╭──

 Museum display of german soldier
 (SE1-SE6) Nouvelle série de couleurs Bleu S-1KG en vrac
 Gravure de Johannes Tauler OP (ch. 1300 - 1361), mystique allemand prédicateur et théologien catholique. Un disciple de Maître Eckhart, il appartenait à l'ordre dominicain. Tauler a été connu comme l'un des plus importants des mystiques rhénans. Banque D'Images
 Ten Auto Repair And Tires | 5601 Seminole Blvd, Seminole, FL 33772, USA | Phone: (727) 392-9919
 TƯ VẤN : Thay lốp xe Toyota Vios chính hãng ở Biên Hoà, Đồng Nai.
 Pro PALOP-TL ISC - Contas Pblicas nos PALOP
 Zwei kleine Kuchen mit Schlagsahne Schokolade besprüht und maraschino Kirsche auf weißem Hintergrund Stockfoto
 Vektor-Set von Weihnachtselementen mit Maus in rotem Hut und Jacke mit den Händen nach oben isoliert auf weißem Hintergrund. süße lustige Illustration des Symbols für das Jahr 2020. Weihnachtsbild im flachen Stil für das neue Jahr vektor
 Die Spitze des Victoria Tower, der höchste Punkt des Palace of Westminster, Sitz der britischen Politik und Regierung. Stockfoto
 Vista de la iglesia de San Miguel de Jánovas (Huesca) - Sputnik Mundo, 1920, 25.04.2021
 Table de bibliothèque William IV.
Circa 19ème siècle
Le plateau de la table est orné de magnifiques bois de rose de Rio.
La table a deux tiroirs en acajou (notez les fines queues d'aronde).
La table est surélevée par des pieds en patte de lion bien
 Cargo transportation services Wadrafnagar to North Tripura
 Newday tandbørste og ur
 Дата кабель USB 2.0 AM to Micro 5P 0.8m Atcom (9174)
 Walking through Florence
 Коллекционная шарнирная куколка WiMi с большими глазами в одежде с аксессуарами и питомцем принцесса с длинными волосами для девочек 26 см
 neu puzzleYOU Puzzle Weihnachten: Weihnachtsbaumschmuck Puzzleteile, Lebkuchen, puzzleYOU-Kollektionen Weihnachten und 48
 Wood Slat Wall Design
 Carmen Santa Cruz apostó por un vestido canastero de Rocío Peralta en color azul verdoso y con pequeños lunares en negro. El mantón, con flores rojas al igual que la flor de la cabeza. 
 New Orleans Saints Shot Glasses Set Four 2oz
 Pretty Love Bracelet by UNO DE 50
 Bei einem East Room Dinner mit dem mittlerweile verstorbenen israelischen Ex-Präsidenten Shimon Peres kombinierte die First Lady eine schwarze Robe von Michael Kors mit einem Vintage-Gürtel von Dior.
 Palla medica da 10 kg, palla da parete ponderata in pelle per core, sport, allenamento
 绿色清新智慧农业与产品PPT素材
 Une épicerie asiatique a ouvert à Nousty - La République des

╰──

Find all the lines with "weißem" in the data and copy them.

OUTPUT
 Zwei kleine Kuchen mit Schlagsahne Schokolade besprüht und maraschino Kirsche auf weißem Hintergrund Stockfoto
 Vektor-Set von Weihnachtselementen mit Maus in rotem Hut und Jacke mit den Händen nach oben isoliert auf weißem Hintergrund. süße lustige Illustration des Symbols für das Jahr 2020. Weihnachtsbild im flachen Stil für das neue Jahr vektor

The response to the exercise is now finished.